Provided data:
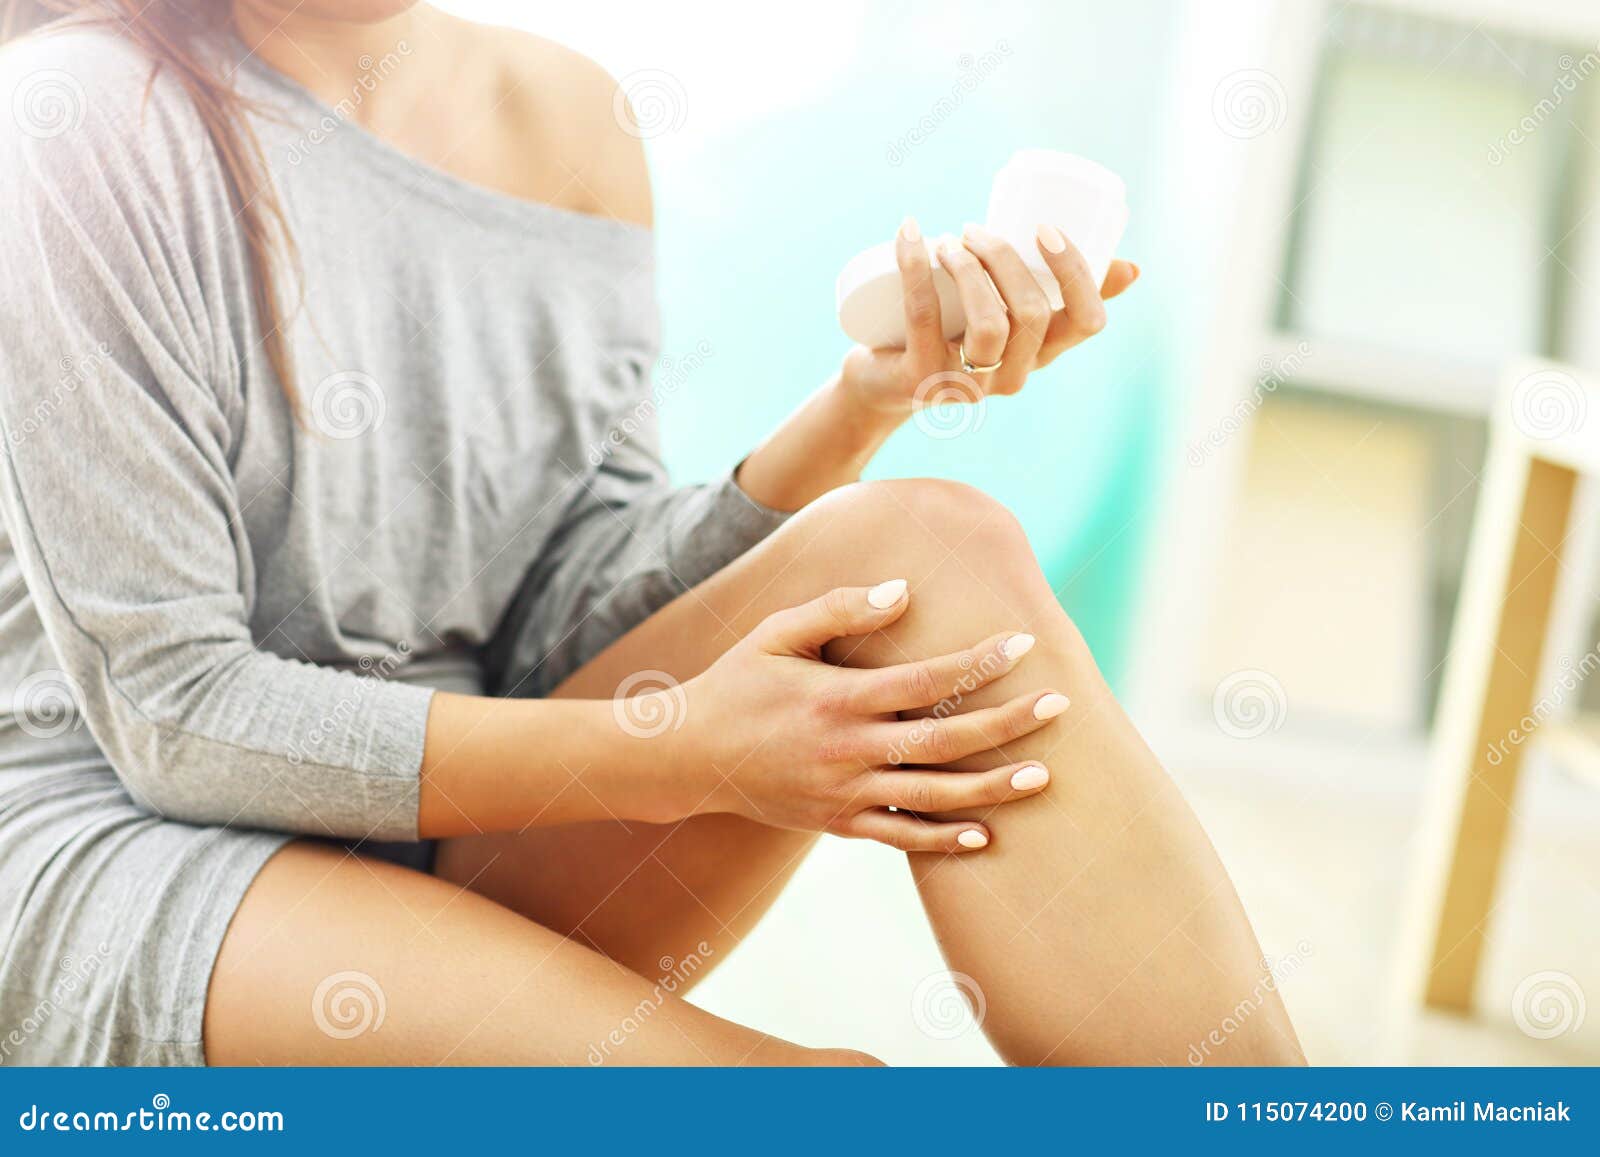 woman using body lotion on her legs
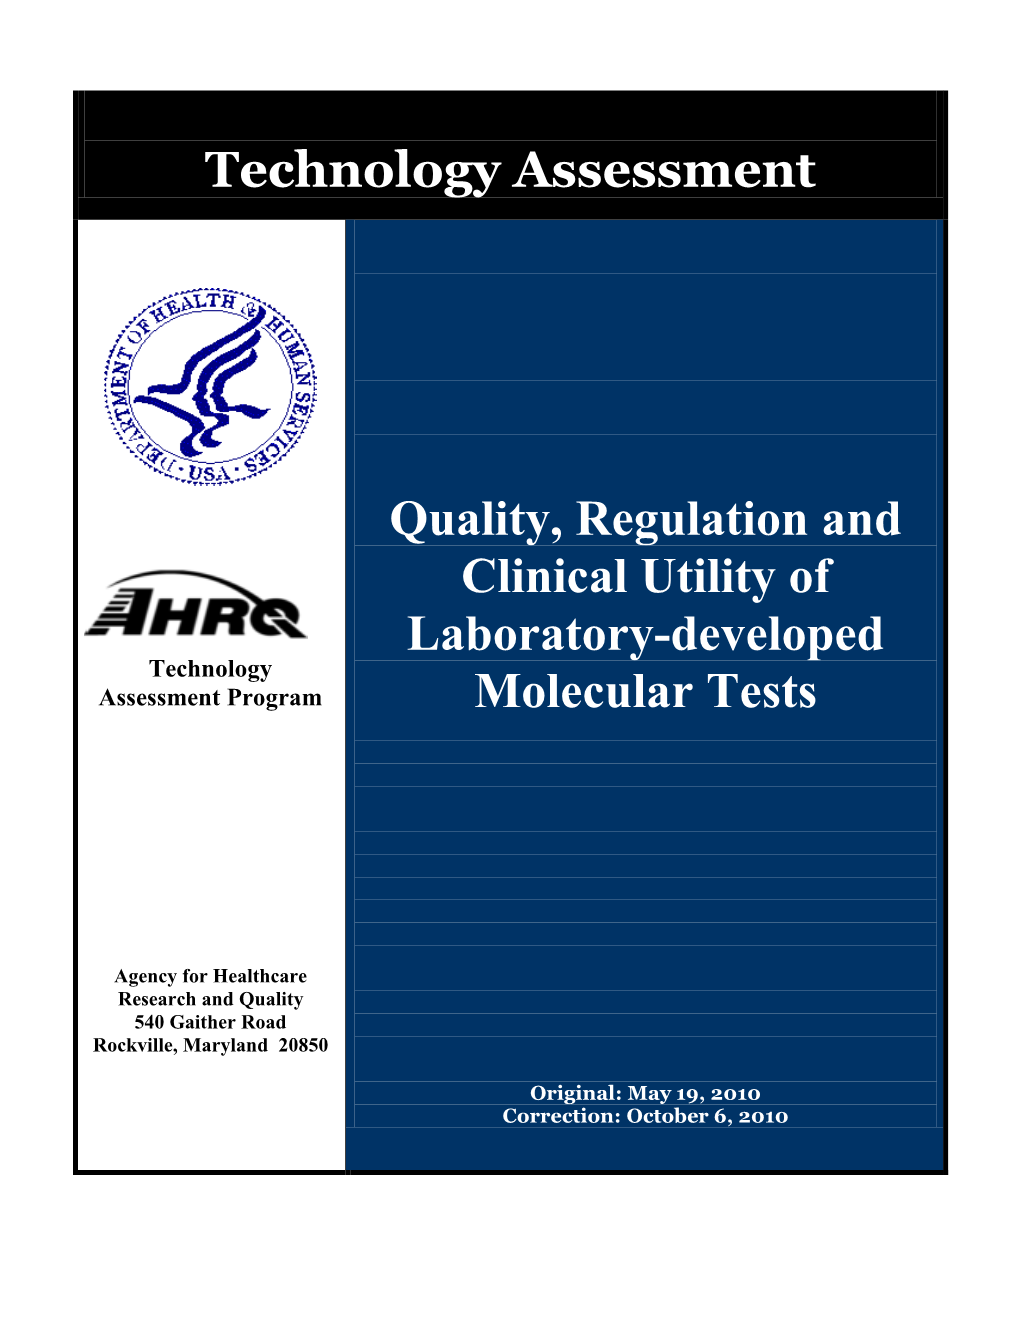 Quality, Regulation and Clinical Utility of Laboratory-Developed Molecular Tests
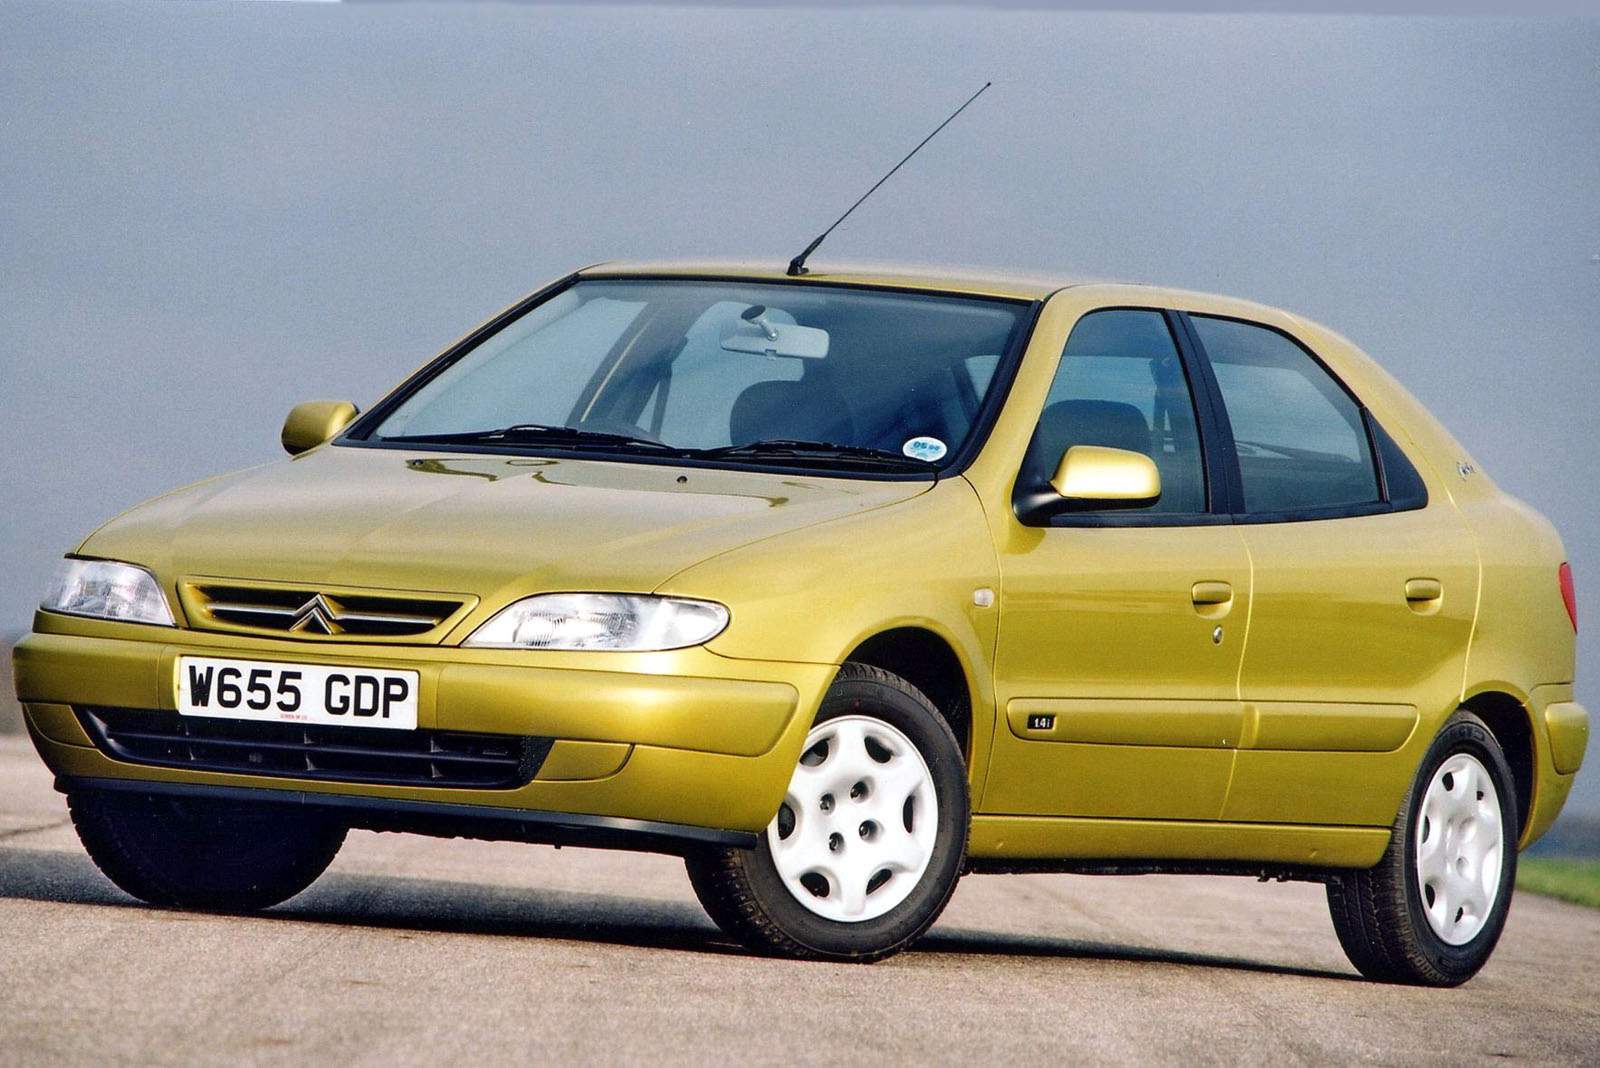 'Sensible' is the word that most readily springs to mind when considering Citroen's Xsara. Under the skin, there's nothing much to differentiate this family

Problem to solve:
All the lines above are to be given again exactly as they read, with the pictures removed.

Answer to this problem:
 woman using body lotion on her legs
 Quality, Regulation and Clinical Utility of Laboratory-Developed Molecular Tests
 'Sensible' is the word that most readily springs to mind when considering Citroen's Xsara. Under the skin, there's nothing much to differentiate this family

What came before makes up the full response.